§ **Data excerpt**:
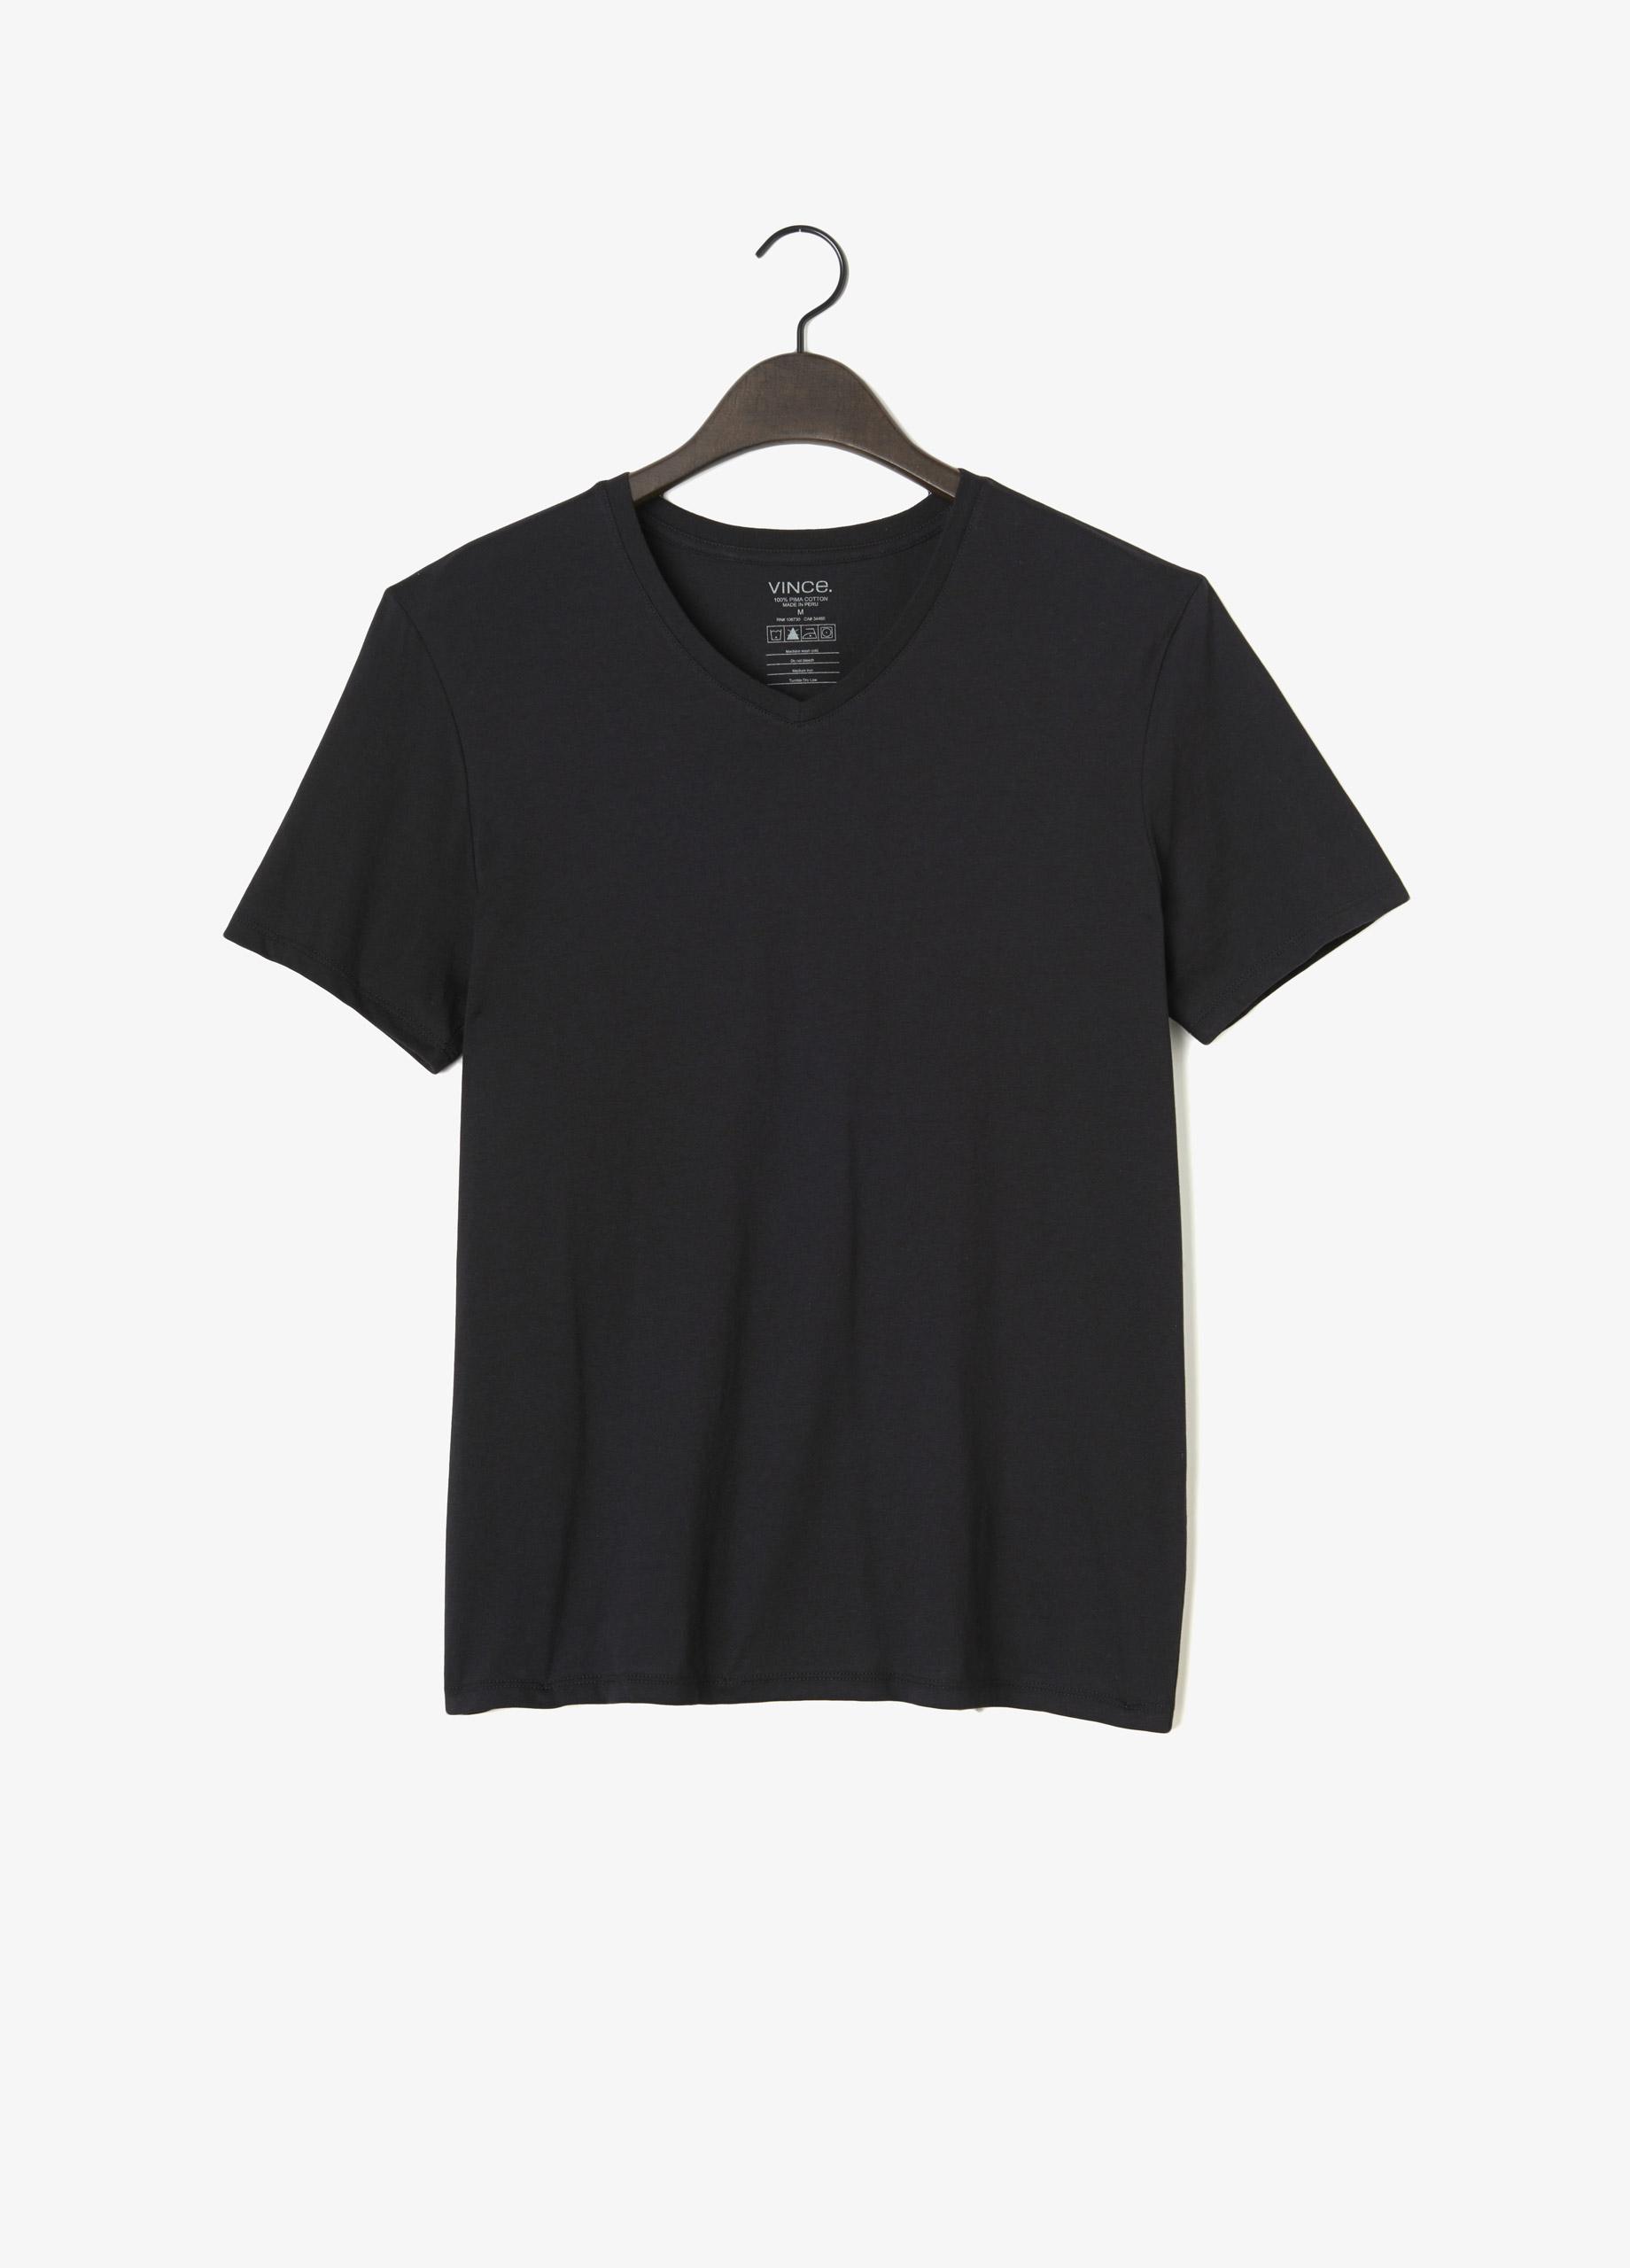 b8a936b76a7 Vince Black Favorite Jersey V-neck Tee
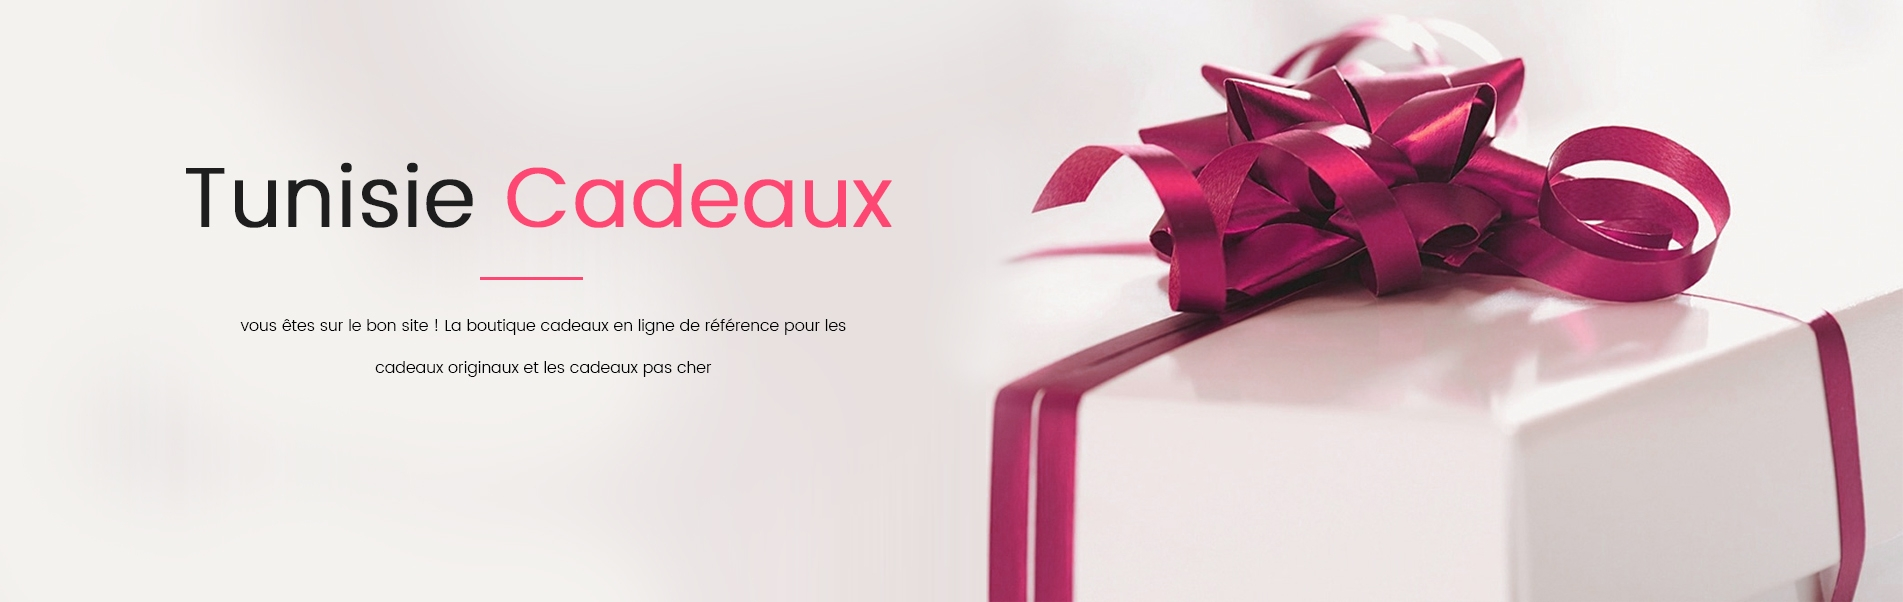 Tunisie Cadeaux
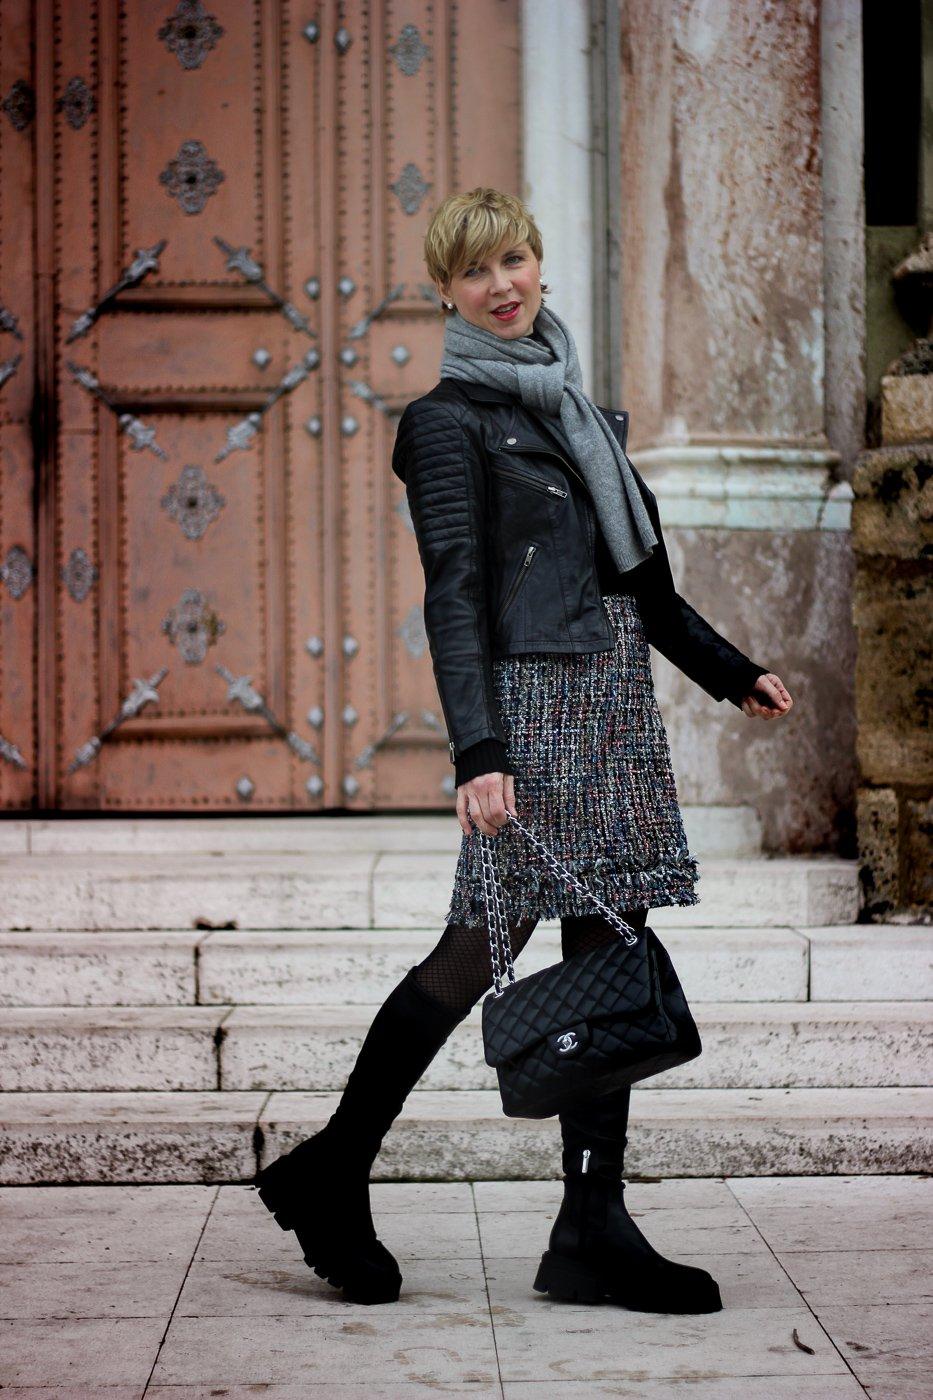 conny doll lifestyle: Bouclé-Rock im Stilmix... mit derben Boots und Lederjacke

§ **Prompt**:
Word for word, retype the lines from the one that contains "Tunisie Cadeaux" through the final line of the data, both ends included, excluding pictures.

§ **Result below**:
 Tunisie Cadeaux
 conny doll lifestyle: Bouclé-Rock im Stilmix... mit derben Boots und Lederjacke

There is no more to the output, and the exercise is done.